# Female Tail Types



## Kiara1125

So, if it's possible, may I see pictures? I want to be able to know and see the difference between female betta tail types. I know HM and HMPK, but I want to be able to see the difference between things like deltas and VTs. Can someone please explain to me and show the difference for me?


----------



## trilobite

I made this once apon a time, might help you


----------



## Gallifrey

This should help as well, also covers coloring: http://bubblesandbettas.blogspot.com/p/betta-breeds-tail-types.html


----------



## charislynne

I love the rosetail!


----------



## lilnaugrim

I also explained some females in this thread: http://www.bettafish.com/showthread.php?t=269274&highlight=female+identification


----------



## Kiara1125

lil ninja, you described it perfectly for me. Thank you so much!

And nice picture trilobite! That helps too. I was just looking for explanations as well as pictures.


----------



## lilnaugrim

lol, np!

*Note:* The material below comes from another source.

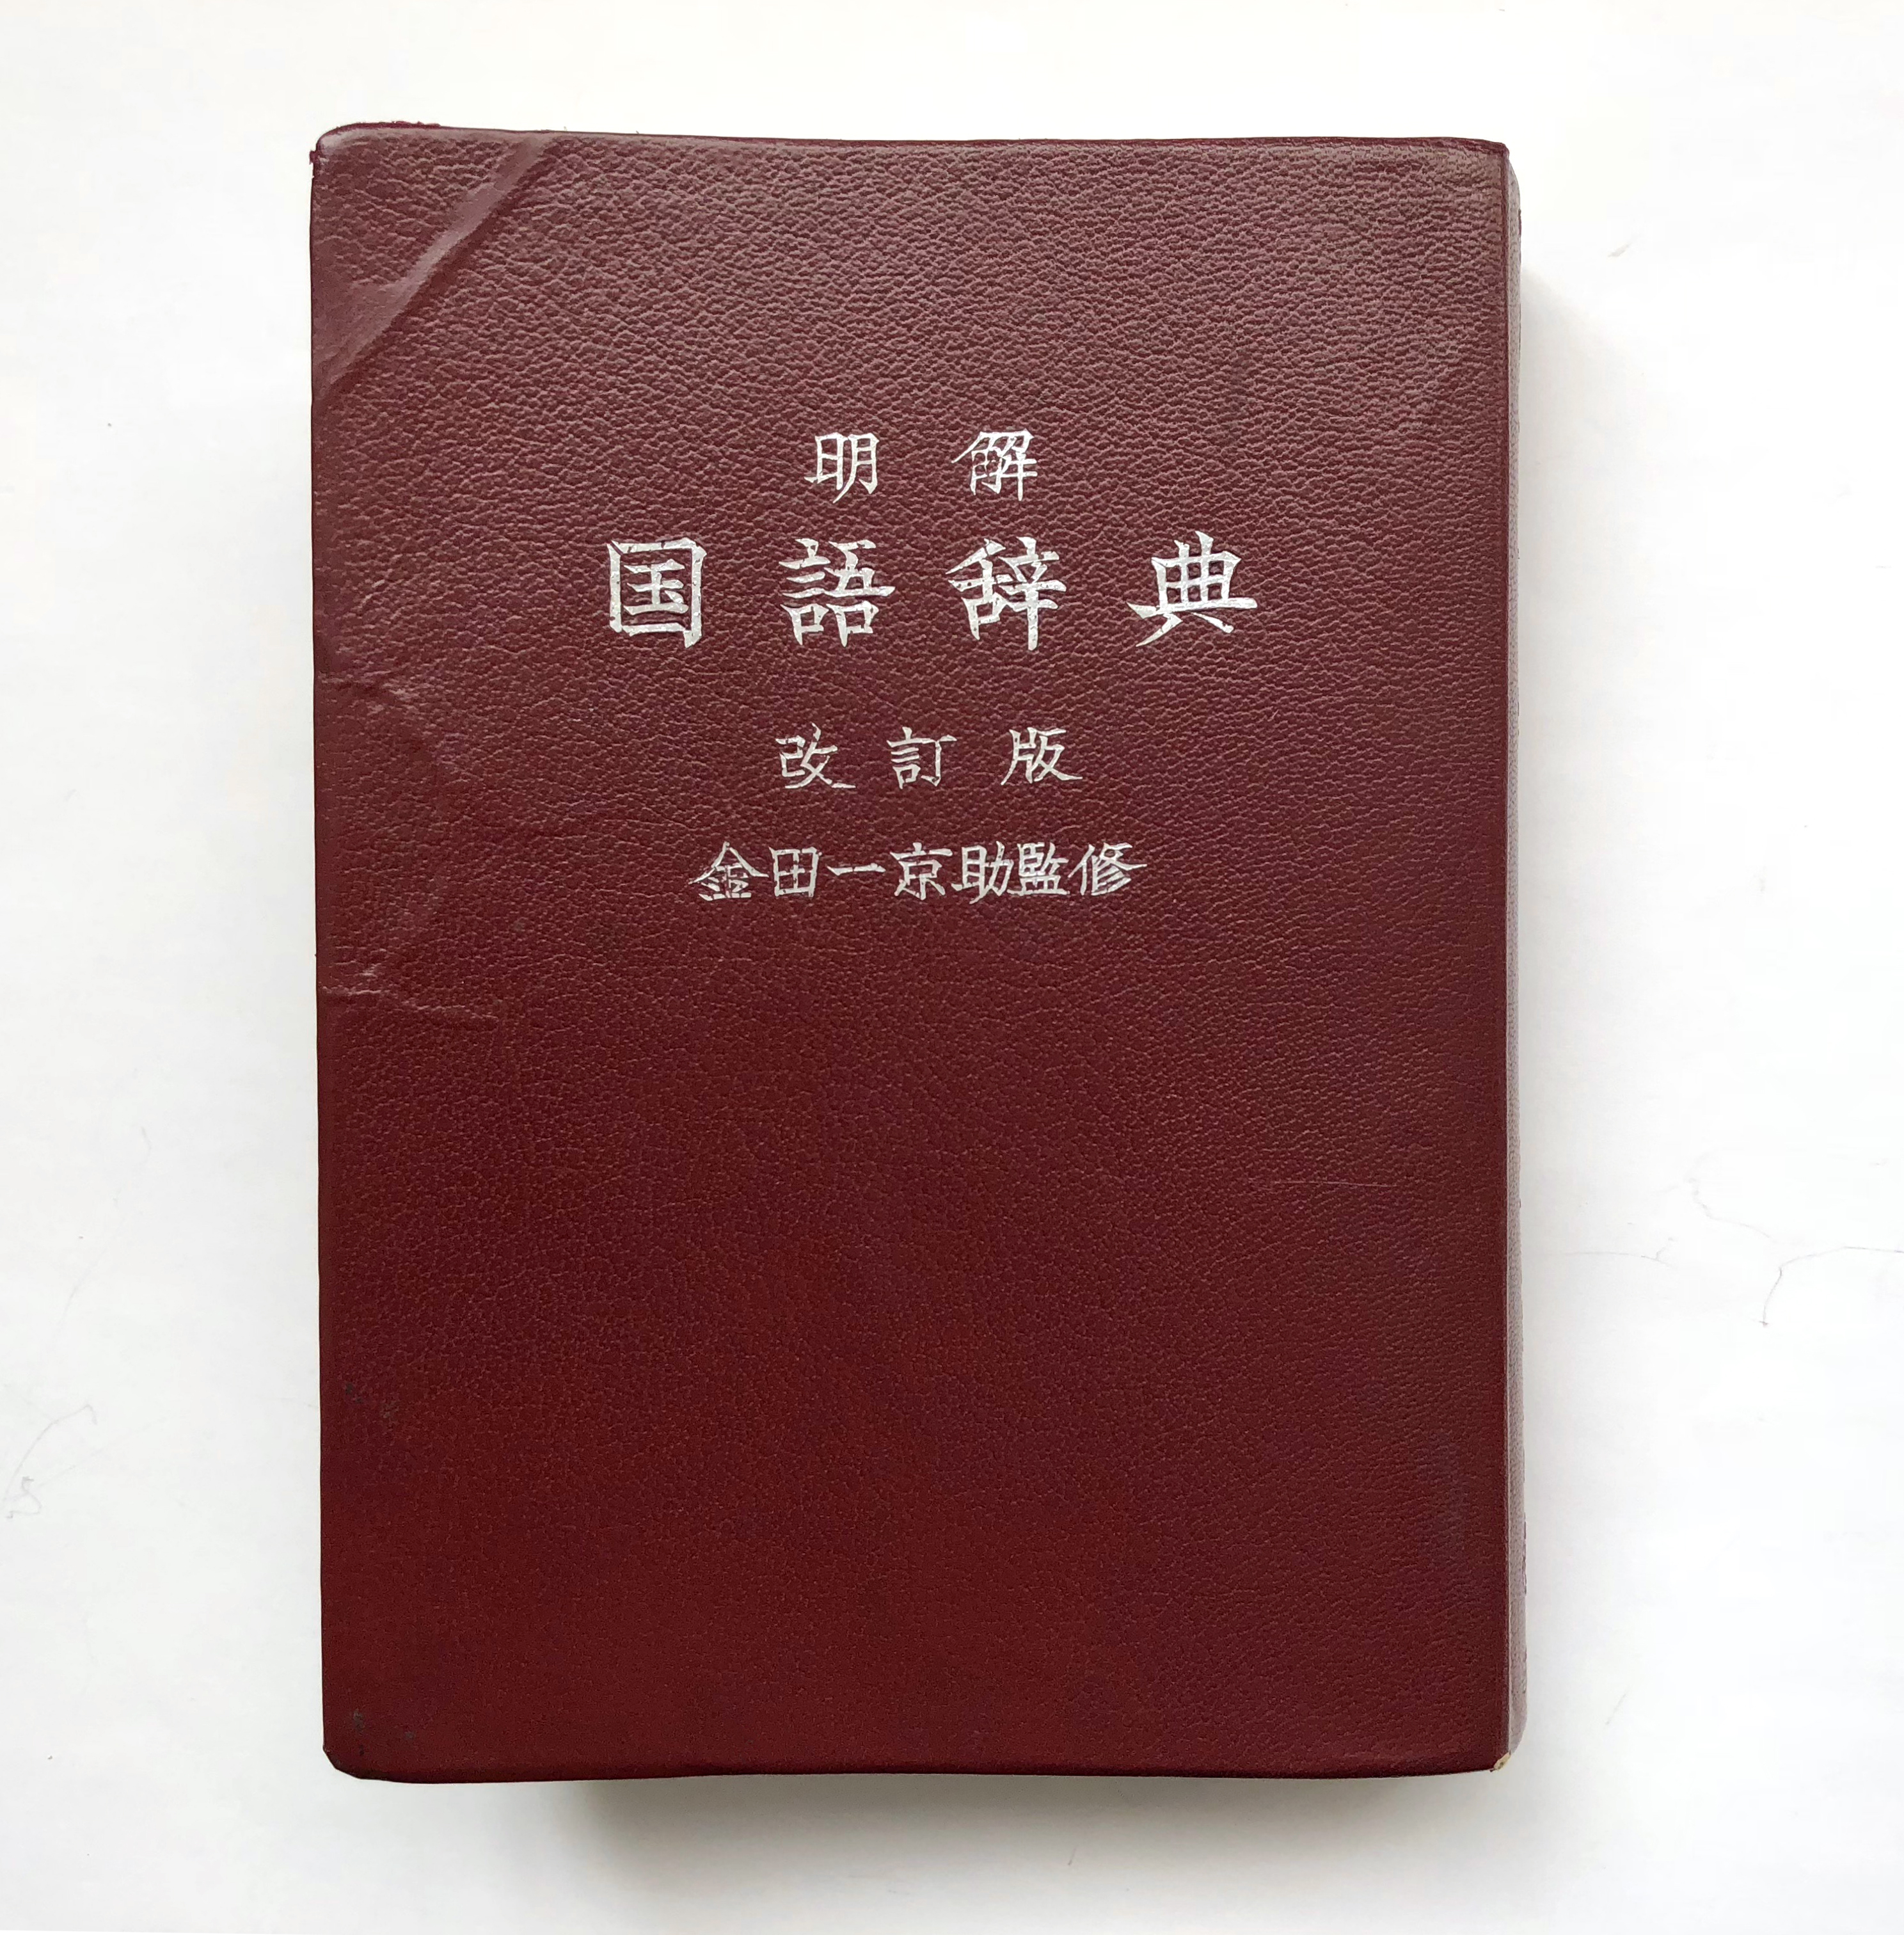 File:明解国語辞典(改訂版)表紙.jpg - Wikimedia Commons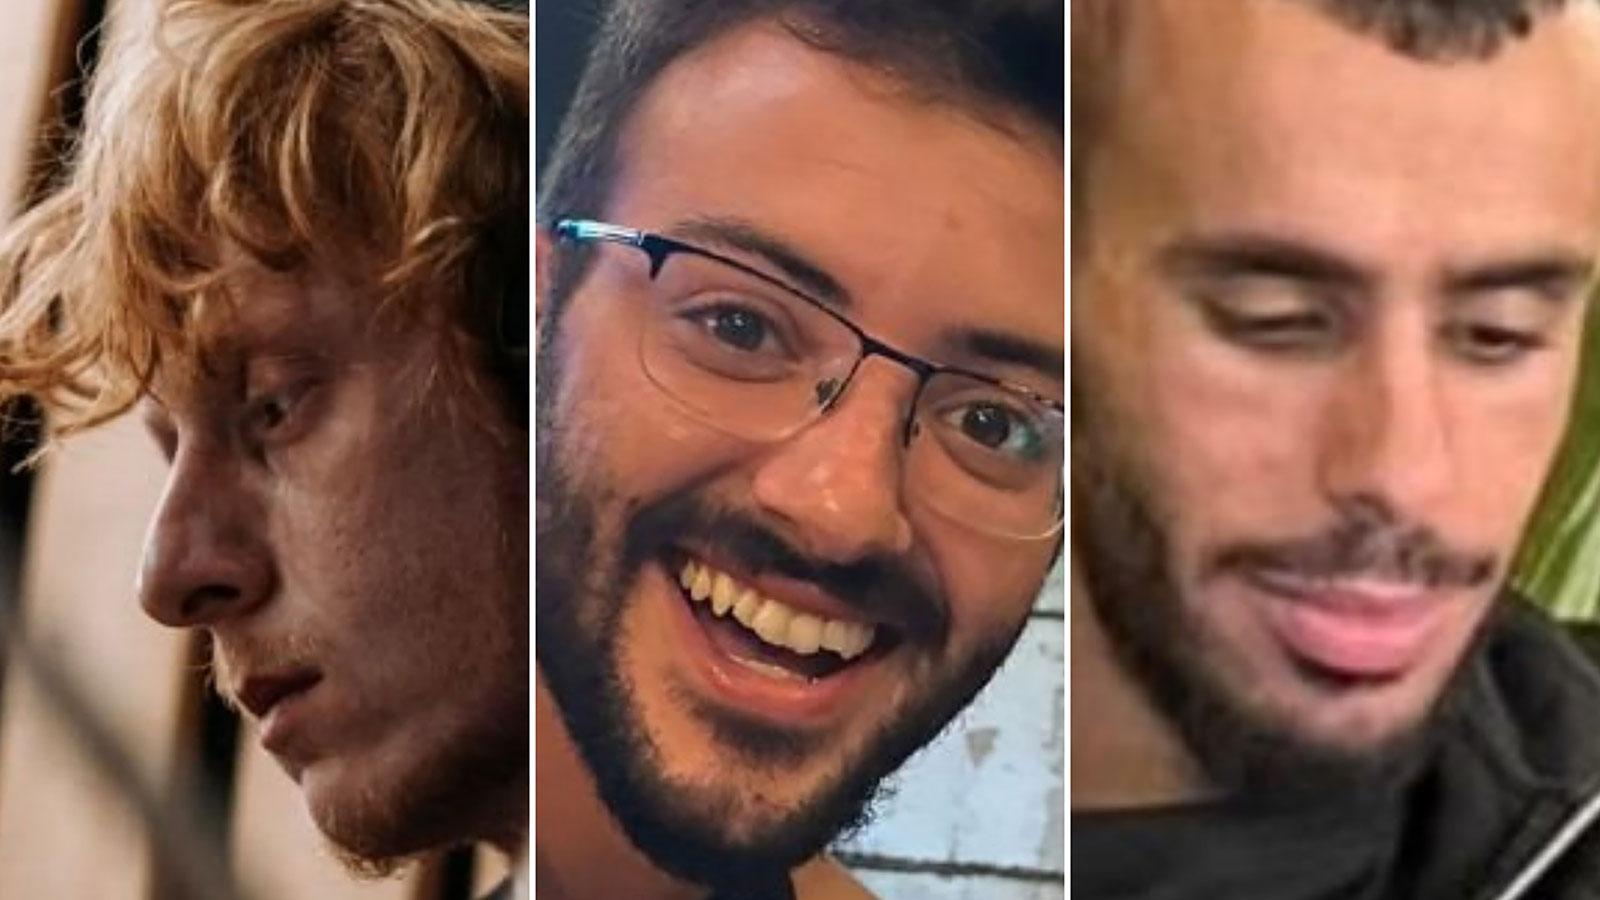 The three hostages killed are identified as, from left to right, Yotam Haim, Alon Shimriz, and Samer Talalka

Happy to help ^_^ I don't think I covered everything there but the basics should be there, there's more on the second page if you didn't see


----------



## Tree

So do you all think Perch is a VT or a Plakat?


----------



## lilnaugrim

She is definitely veiltail.


----------



## Tree

Sweet! I thought she was a VT. =)


----------



## Hallyx

Two-ray-branching caudal indicates VT. So does pointy dorsal and pointed, triangular anal.

I know there are two-ray traditional Plakats, but.....


----------



## Tree

Ahhh gotcha. =)


----------